The answer is to be the data that follows, transcribed exactly, minus its pictures.

__GIVEN MATERIAL__:
· · · · · · ·

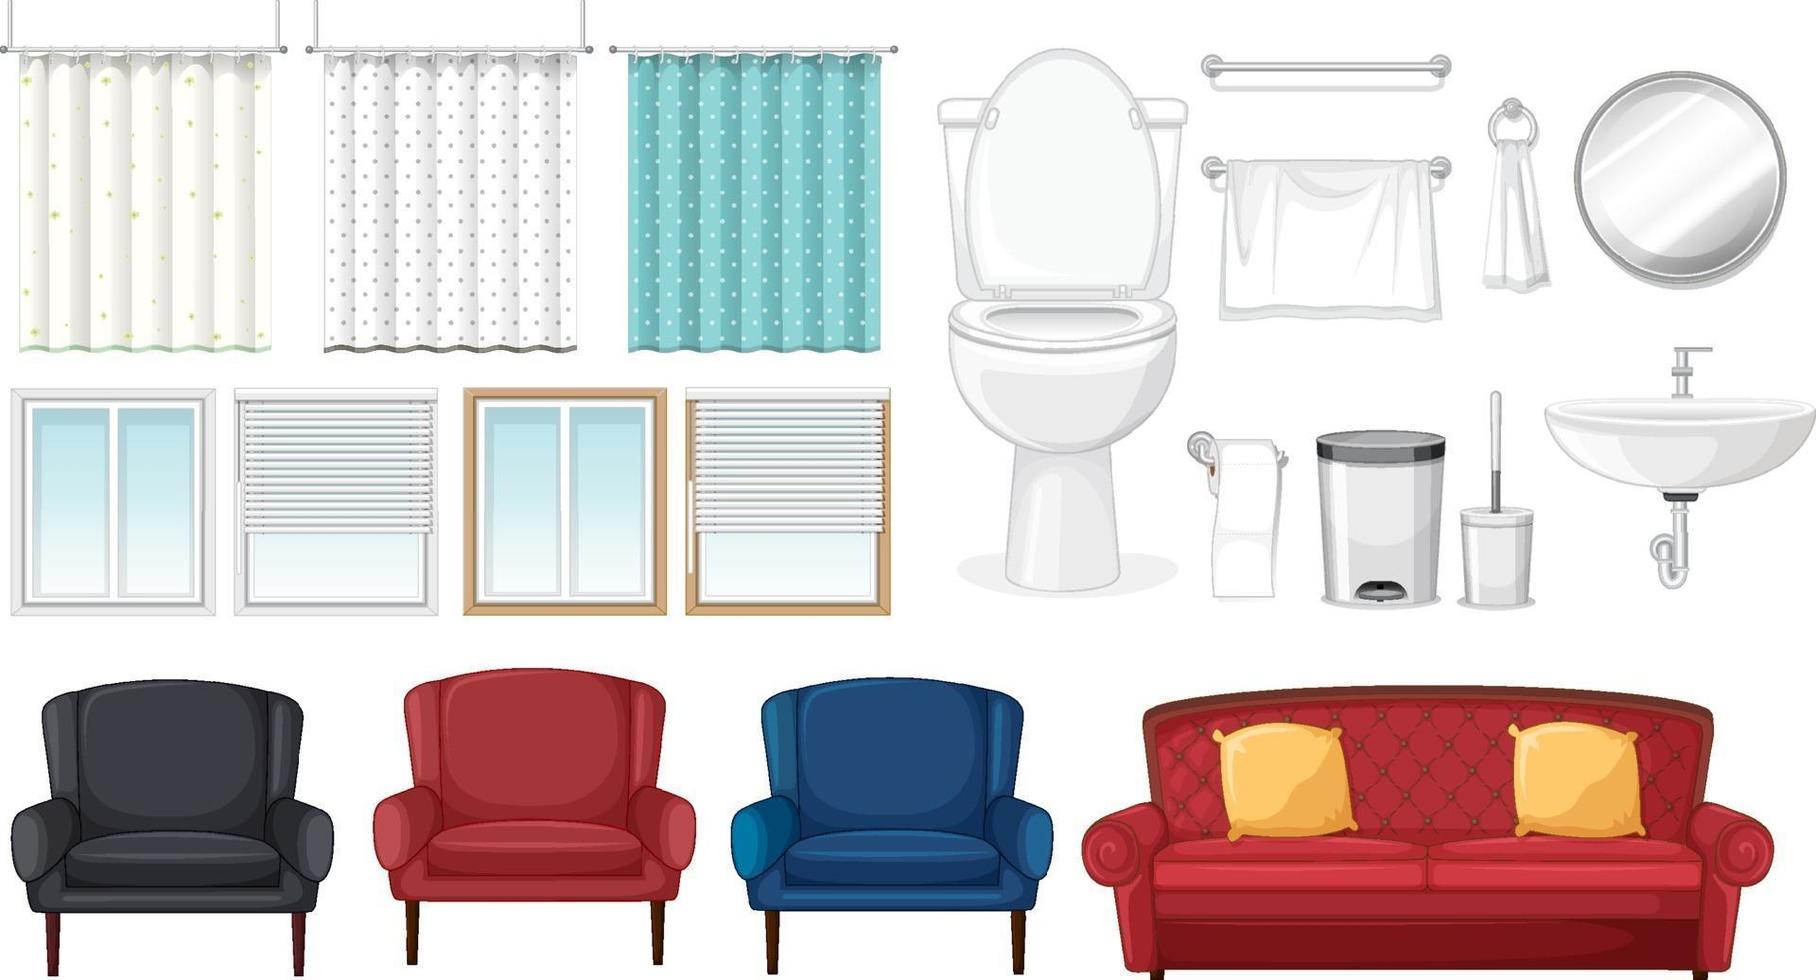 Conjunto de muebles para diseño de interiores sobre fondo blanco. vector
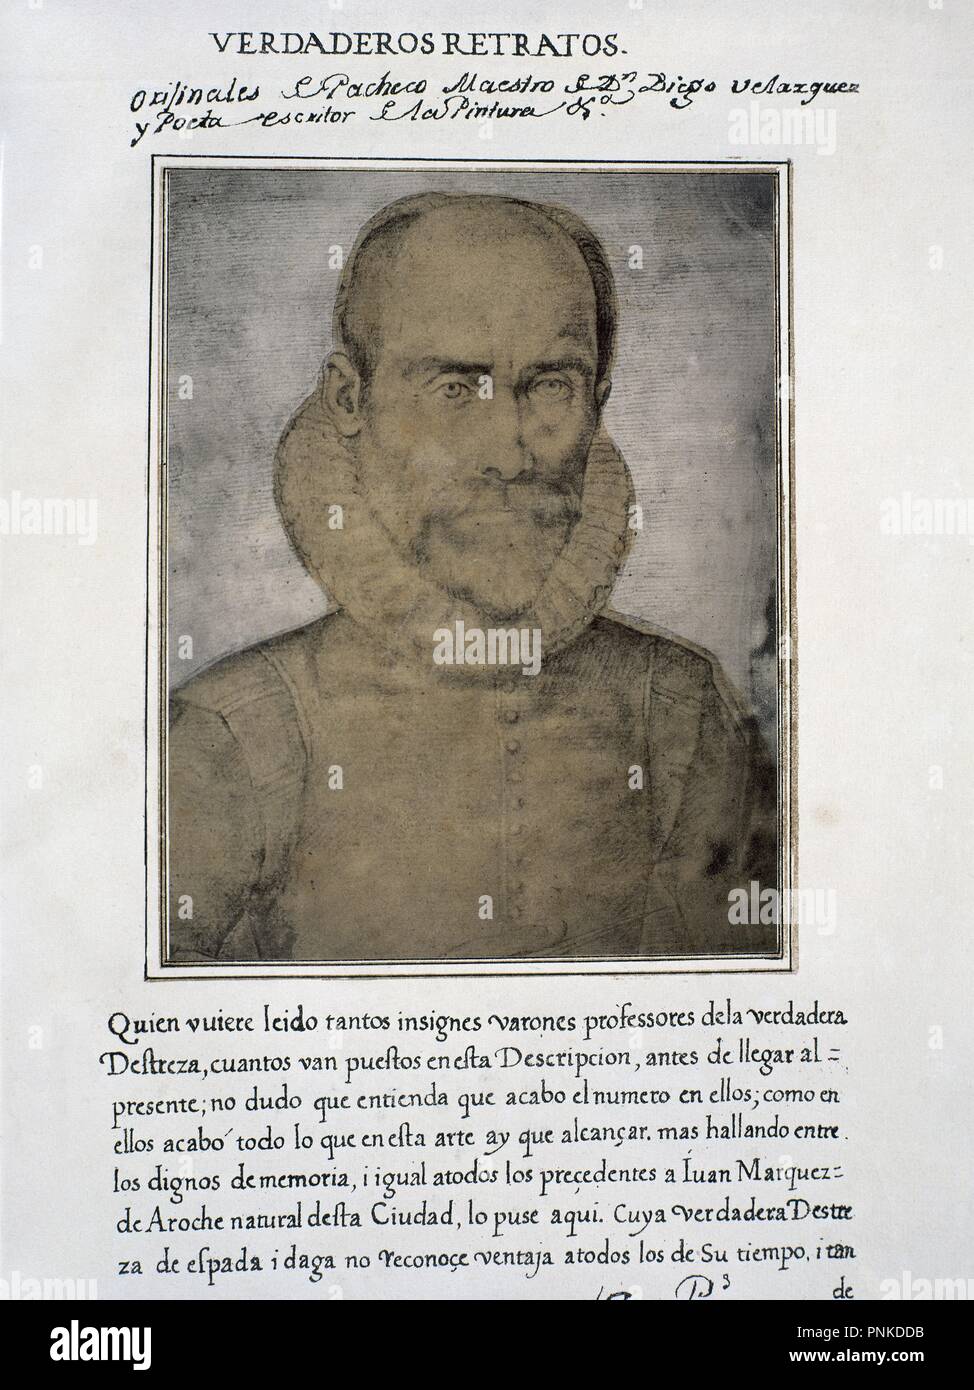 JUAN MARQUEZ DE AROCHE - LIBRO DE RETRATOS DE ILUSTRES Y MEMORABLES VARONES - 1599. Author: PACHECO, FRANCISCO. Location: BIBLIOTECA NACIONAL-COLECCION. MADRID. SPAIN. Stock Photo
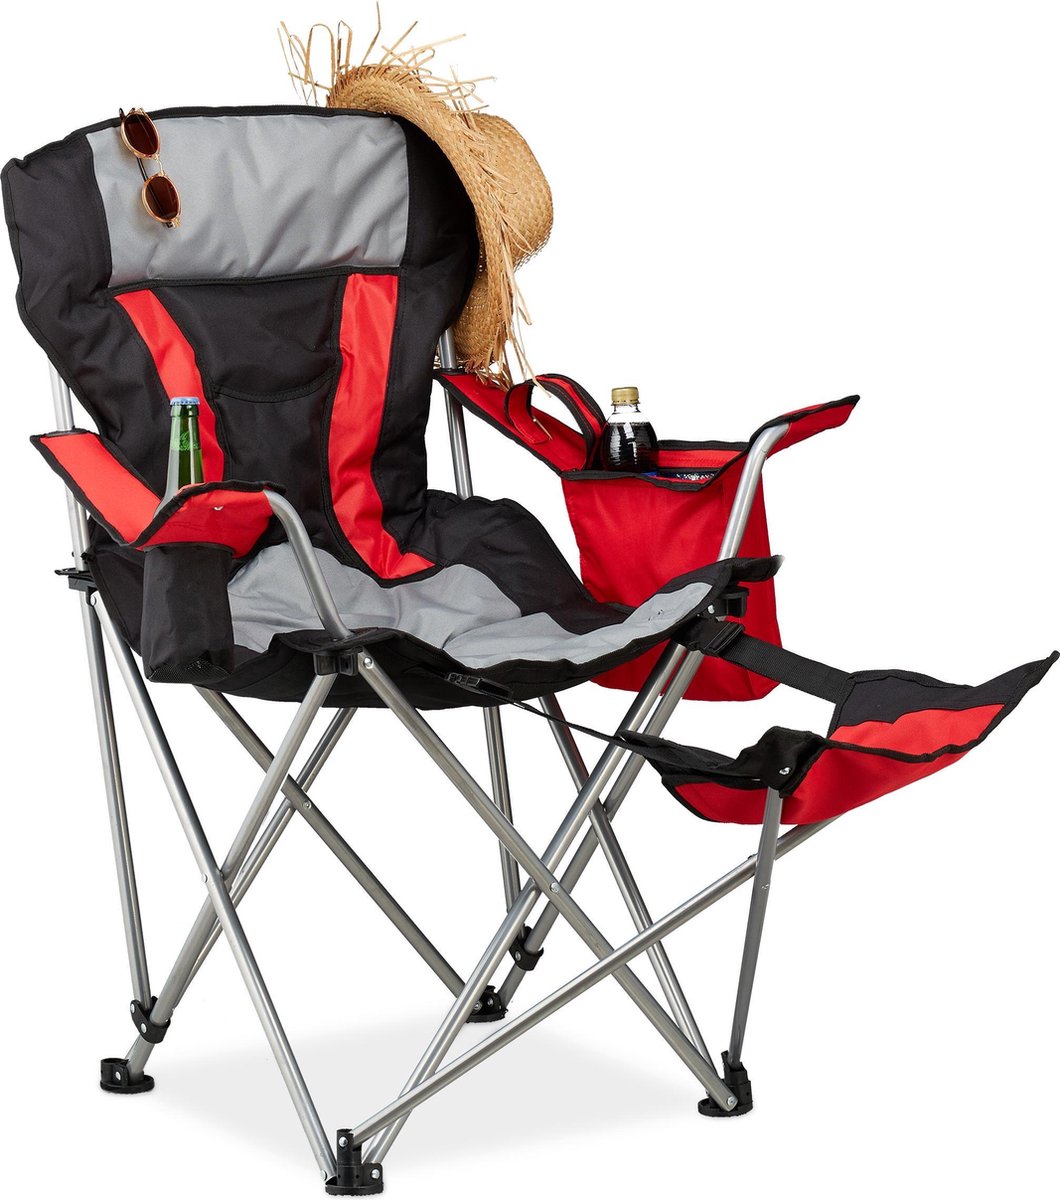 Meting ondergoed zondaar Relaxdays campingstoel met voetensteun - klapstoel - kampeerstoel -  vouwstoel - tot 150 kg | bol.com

· · · · · · ·

__RESPONSE TO THE TASK__:
 Conjunto de muebles para diseño de interiores sobre fondo blanco. vector
 JUAN MARQUEZ DE AROCHE - LIBRO DE RETRATOS DE ILUSTRES Y MEMORABLES VARONES - 1599. Author: PACHECO, FRANCISCO. Location: BIBLIOTECA NACIONAL-COLECCION. MADRID. SPAIN. Stock Photo
 Meting ondergoed zondaar Relaxdays campingstoel met voetensteun - klapstoel - kampeerstoel -  vouwstoel - tot 150 kg | bol.com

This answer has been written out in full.